Out of the Money (OTM): When a stock is trading below a call strike or above a put strike.

Overbought: When a security has experienced a sharp move higher in a short window, to the degree that it is deemed overvalued and ripe for a short-term bounce.

  • This is often measured by a 14-day Relative Strength Index (RSI) that’s above 70.


Oversold: When a security has experienced a sharp move lower in a short window, to the degree that it is deemed undervalued and ripe for a short-term bounce.

  • Often measured by a 14-day RSI that’s below 30.


Premium: The amount of money an option buyer pays or option seller receives for a trade.

Put Option: Gives the buyer the right (but not the obligation) to sell 100 shares of a stock for a predetermined price (the strike) by a predetermined date (expiration).

  • Put buyers are generally bearish on a stock.
  • Put sellers are generally bullish on a stock.


Relative Strength: The comparison of a stock to the performance of an index or sector, or to itself.

Resistance: An area on the charts where an uptrending stock might stall or be turned lower.

Rho: Measures interest rates. An increase in interest rates typically increases call prices and decreases put prices.

Short Options: Sold options.

Short Selling: When a trader borrows shares of a stock from a broker, and then sells them, hoping the stock declines. If this comes to fruition, the short seller can then buy the stock back at a lower price to replace the shares they borrowed, and pocket the difference.

Spread: A position involving two or more different options on the same stock.

Strike Price: The stated per-share price where a stock can be bought by a call buyer, or sold by a put buyer, if the option is exercised.

Support: An area on the charts where a stock’s downward momentum might stall.

Theta: Measures an option’s time value — or, rather, how much an option price will decrease each day.

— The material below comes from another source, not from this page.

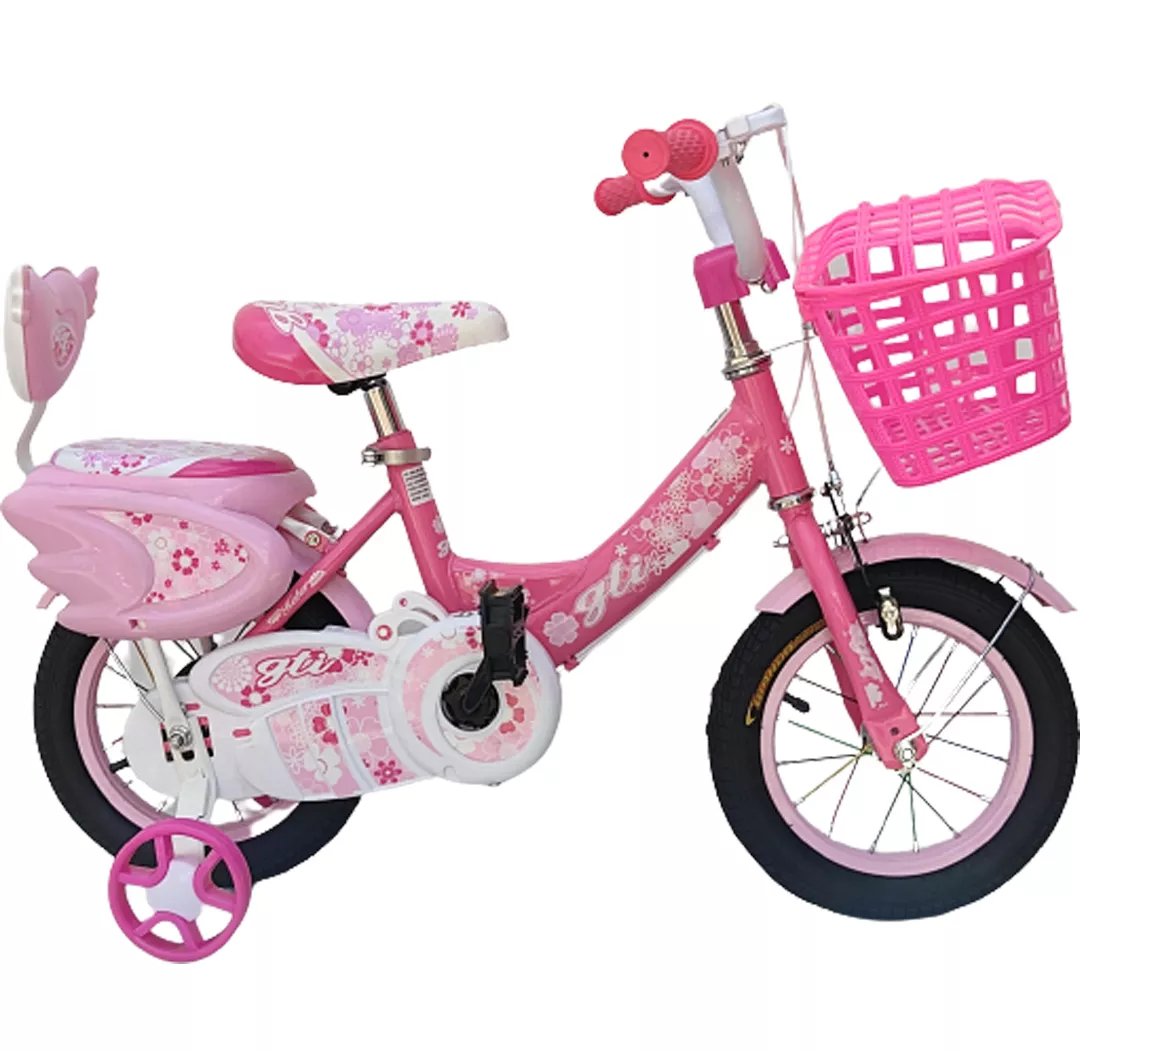 GTI Bicicicleta princess 12 1/2” de niña

Time Decay: The loss of value in an option as expiration approaches, assuming all other factors are constant.

Time Value: The difference between an option’s price and its intrinsic value. Erodes as the option approaches expiration (see Time Decay above).

Vega: Shows how an option price will change based on a 1% change in the contract’s implied volatility.

Vertical Spread: An option strategy involving the purchase and sale of puts and/or calls on the same stock, with options in the same expiration series but at different strikes.

VIX: The Cboe Volatility Index (VIX) reflects investors’ expectations for short-term stock market volatility by measuring IVs of S&P 500 Index (SPX) options.

  • Sometimes called Wall Street’s “fear index,” as rising VIX often coincides with stock market drops.


Volatility: The tendency of a stock to swing in either direction.

Volatility Crush: A sharp drop in IV — often after a known event like earnings.

Volume: The number of contracts traded on a stock or option in a specified time frame.

Weekly Options: Short-term options that expire at the close each Friday.